Satsang
PODCAST
EPISODE NO.
382

Give What You Can

2024-05-09

Shambhavi discusses a retreat in India where she saw two women joyfully counting a few coins to give to the teacher. Without shame, they gave what they could. Listen to learn how this affected Shambhavi and Jaya Kula culture. A podcast from Satsang with Shambhavi

SHAMBHAVI
I want to go back to when we first started having teachings and people were coming over in person. I had been to India and seen something that really, really impressed me. I went to this retreat in India, and there were many, many Indian people there and very few Westerners.

And there was no set fee for the retreat or anything. At the end of the retreat, somebody who worked for the teacher set up a table in the hall. And everyone lined up to just give whatever they could.

I was standing behind these two Indian ladies, and they obviously didn't have a lot of money. And they were between the two of them, counting out a few rupees. Now, This was for a teaching that had gone on for a whole week and included meals, three meals a day.

It didn't give you a place to stay, but it was not a three-hour afternoon teaching. And so these two women were standing there, they were literally counting out change.

And they were laughing and smiling, and they were just so happy that they had anything at all to give. They were just beaming with joy. They weren't embarrassed. They didn't feel ashamed of not having a lot of money.

They were just happy to be able to give. And they went up and they gave their money, and their names got written down in a book with what they had given. When I got back to the United States after this trip, I was extremely moved by this. And it really kind of like, sunk into my psyche.

We started at Jaya Kula, something called give what you can. Instead of by donation, we started give what you can. We had a big sign over the donation box at satsang and other things that said, give what you can. I would periodically explain what this meant.

So, it means that you just give what you can, but you give. Sometimes people would give very, very little money, and it was totally, absolutely fine. There was no sense of shame.

And I think one of the reasons why people don't give here is because they feel if they can't give a lot, something that brands them as having money, then they're too ashamed to give anything. I'm going to talk more about that. But I think that's one of the things that happens here that maybe doesn't happen everywhere else.

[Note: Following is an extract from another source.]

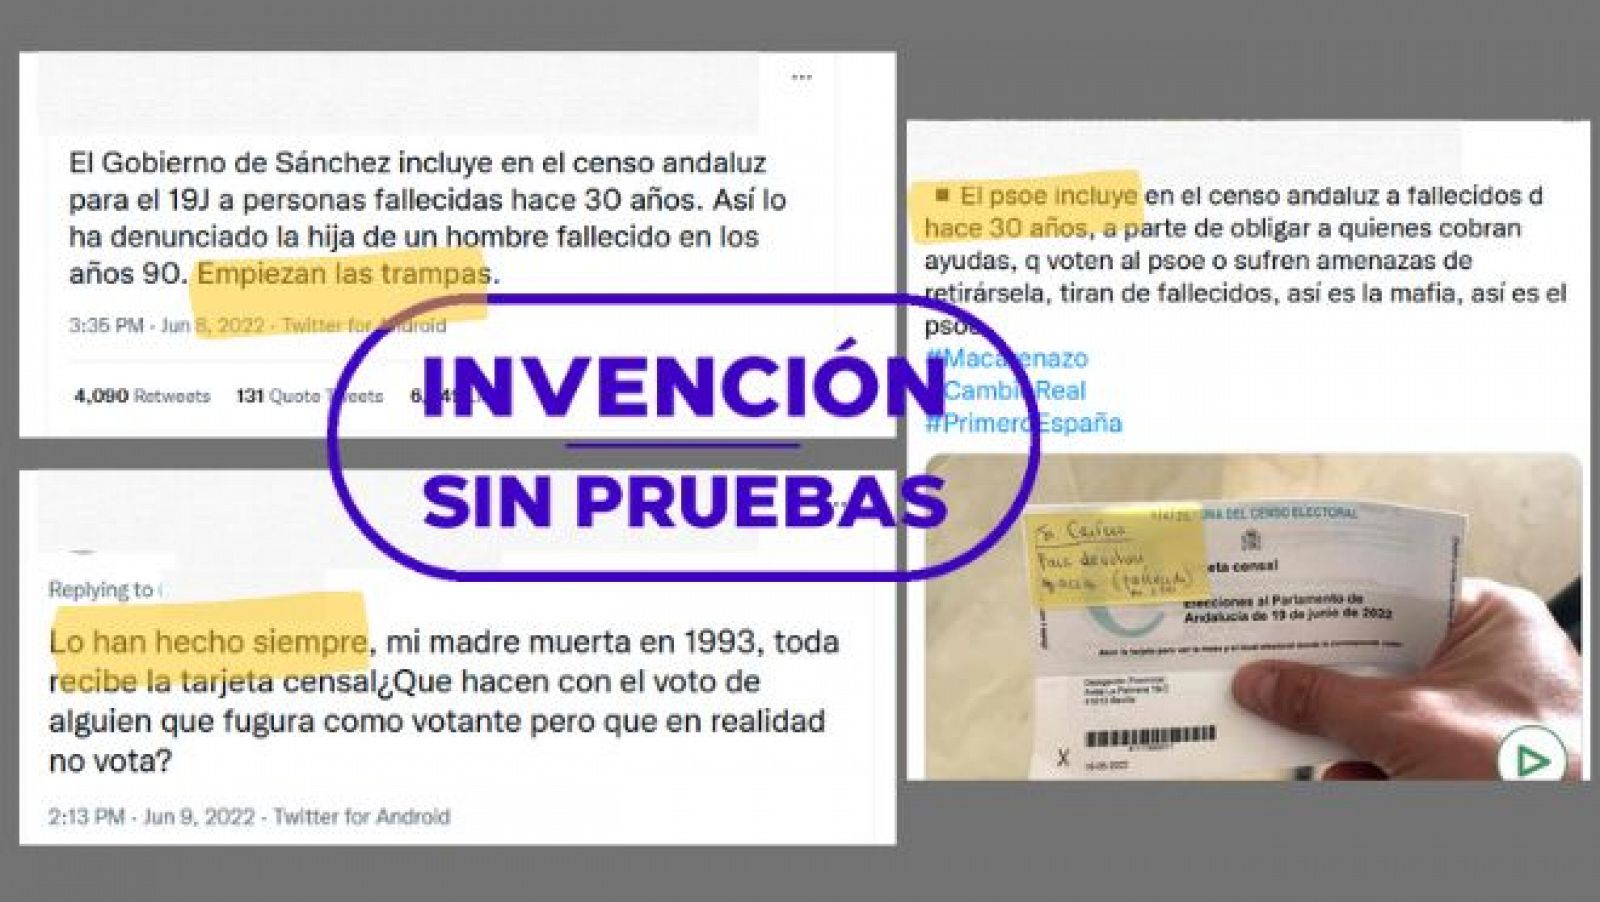 Mensajes que conectan tarjetas censales de fallecidos con la idea de fraude electoral.

One time someone left a pair of socks in the donation box. Another time they left an outdated can of tuna. [laughter] I mean, people were just really giving what they could, right? That was what was happening. That's what we asked for.

So in the traditions that I have studied in, which are all from India, Tibet, or China. There has been since ancient times, and probably since ever there were teachers, or ever there were diviners, or ever there were astrologers, or ever there were doctors.

Because all of these are what are called wisdom traditions. In ancient times in these countries, people would be practicing in, embedded in a tradition that had some sort of spiritual component, even if it wasn't spiritual practice.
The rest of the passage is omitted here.